> _WHAT YOU ARE ASKED TO DO_:
What you return should be only the lines in the entries below between the one holding "15 июля от обстрелов" and the one holding "Logo Studio dentistico", ends included, with every picture left out.

------ DATA RECORDS

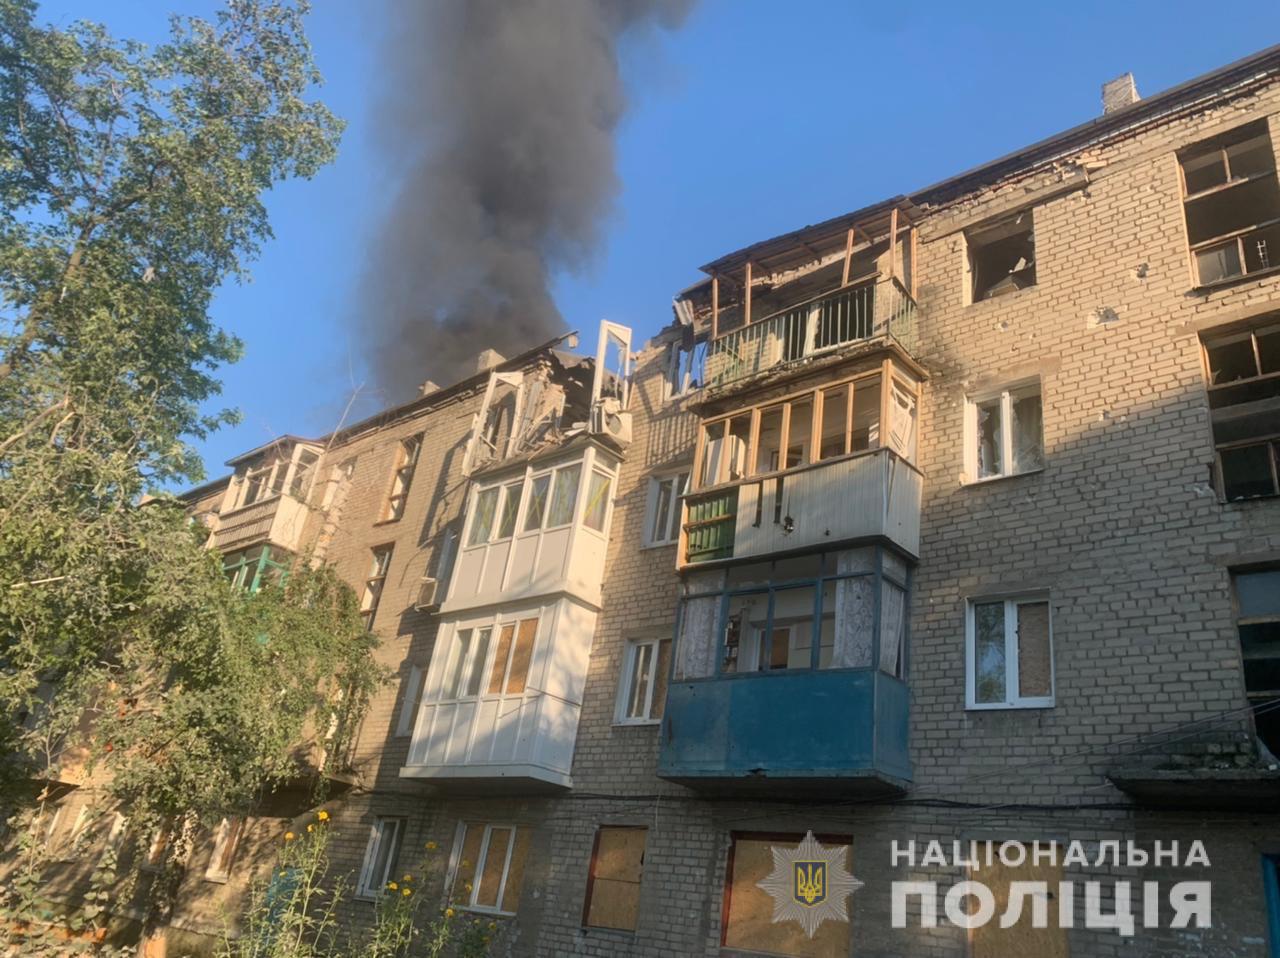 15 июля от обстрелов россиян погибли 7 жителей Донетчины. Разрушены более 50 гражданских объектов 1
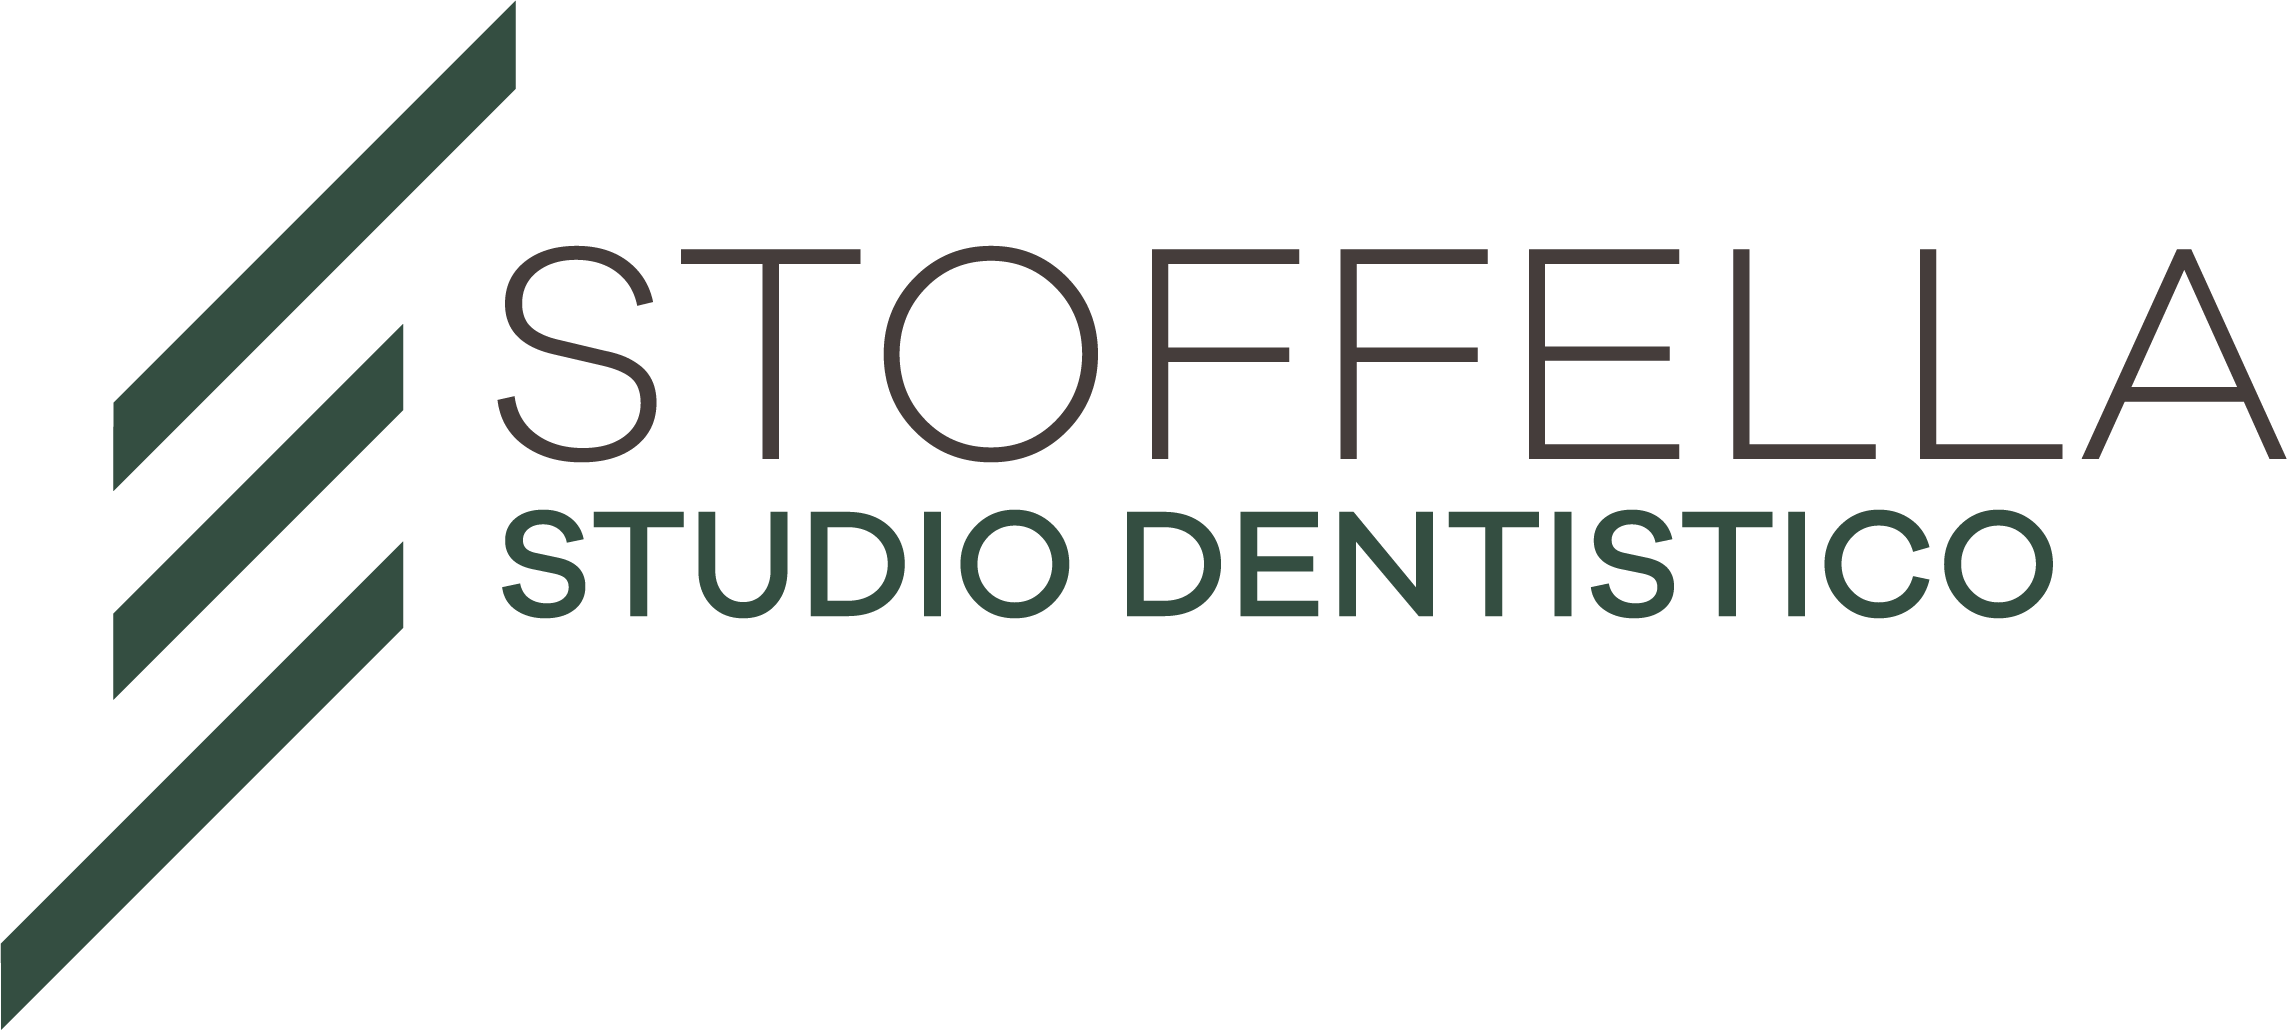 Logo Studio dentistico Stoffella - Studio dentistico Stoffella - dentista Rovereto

------------
------ DATA RECORDS

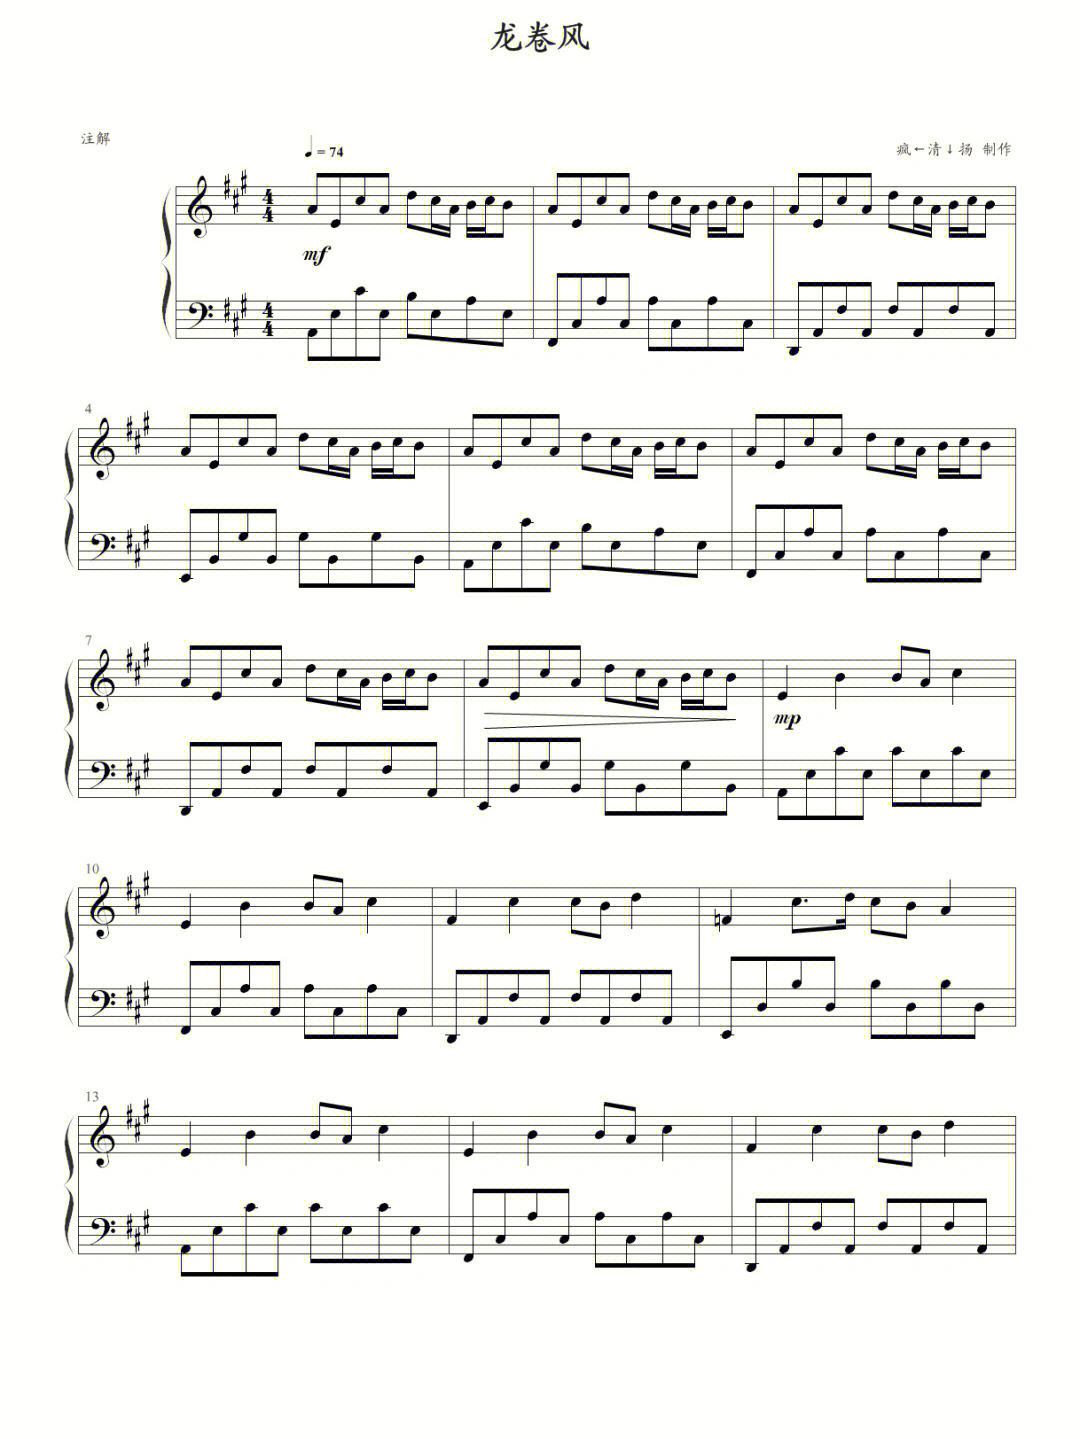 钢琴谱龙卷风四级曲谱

------------
------ DATA RECORDS

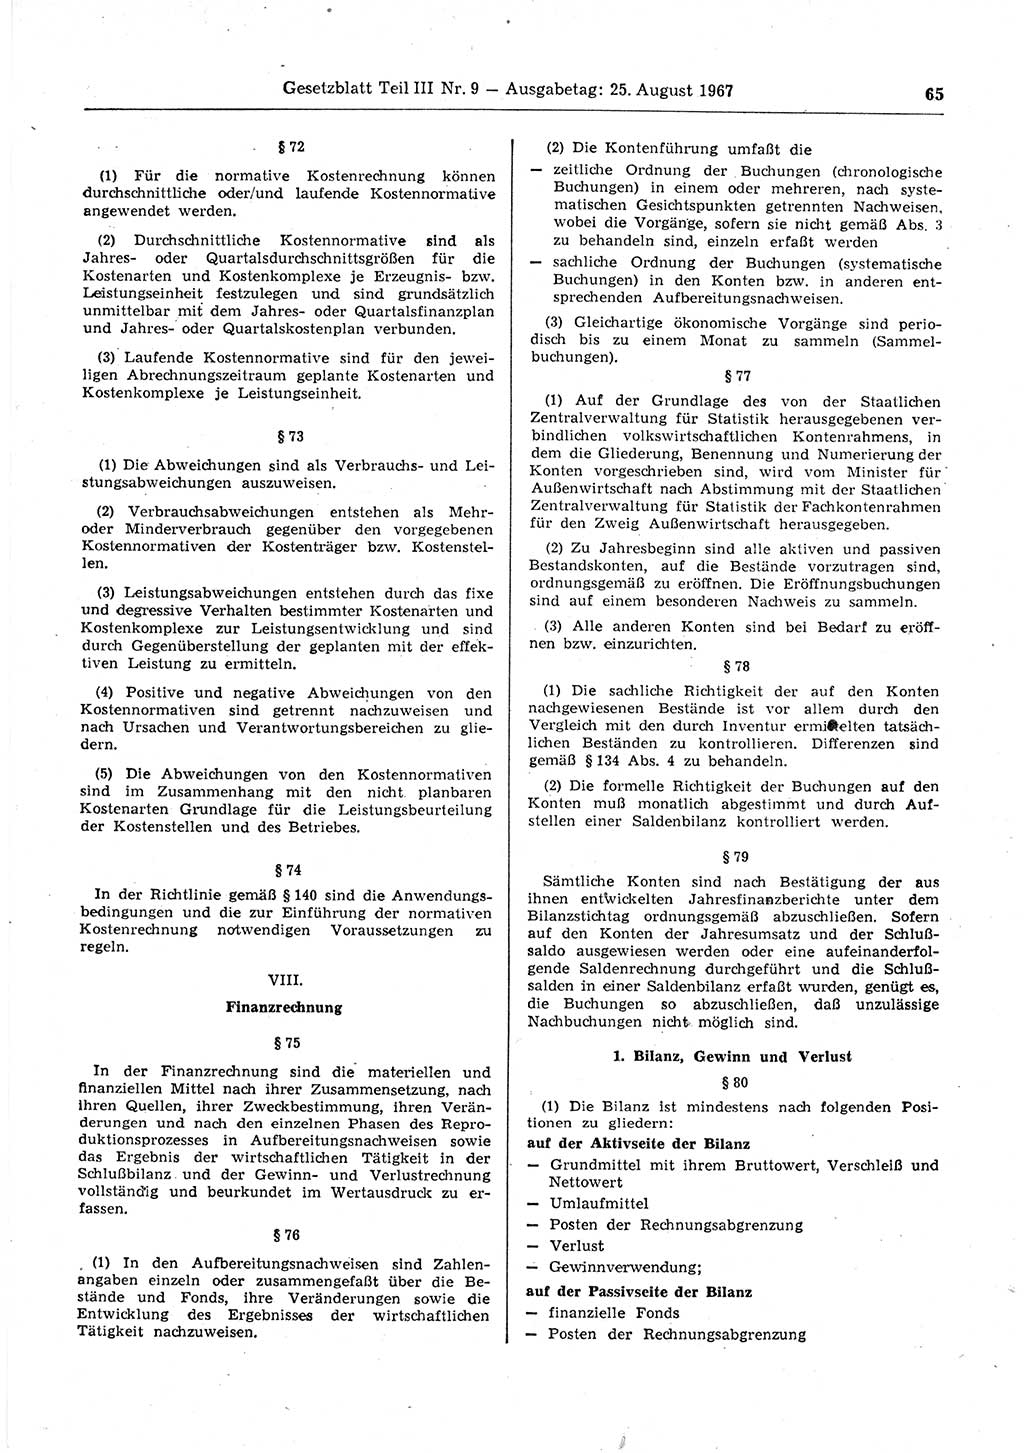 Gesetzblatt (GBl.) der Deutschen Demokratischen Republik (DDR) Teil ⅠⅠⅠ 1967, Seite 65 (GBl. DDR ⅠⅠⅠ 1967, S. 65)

------------

> _SOLUTION TO THE EXERCISE_:
 15 июля от обстрелов россиян погибли 7 жителей Донетчины. Разрушены более 50 гражданских объектов 1
 Logo Studio dentistico Stoffella - Studio dentistico Stoffella - dentista Rovereto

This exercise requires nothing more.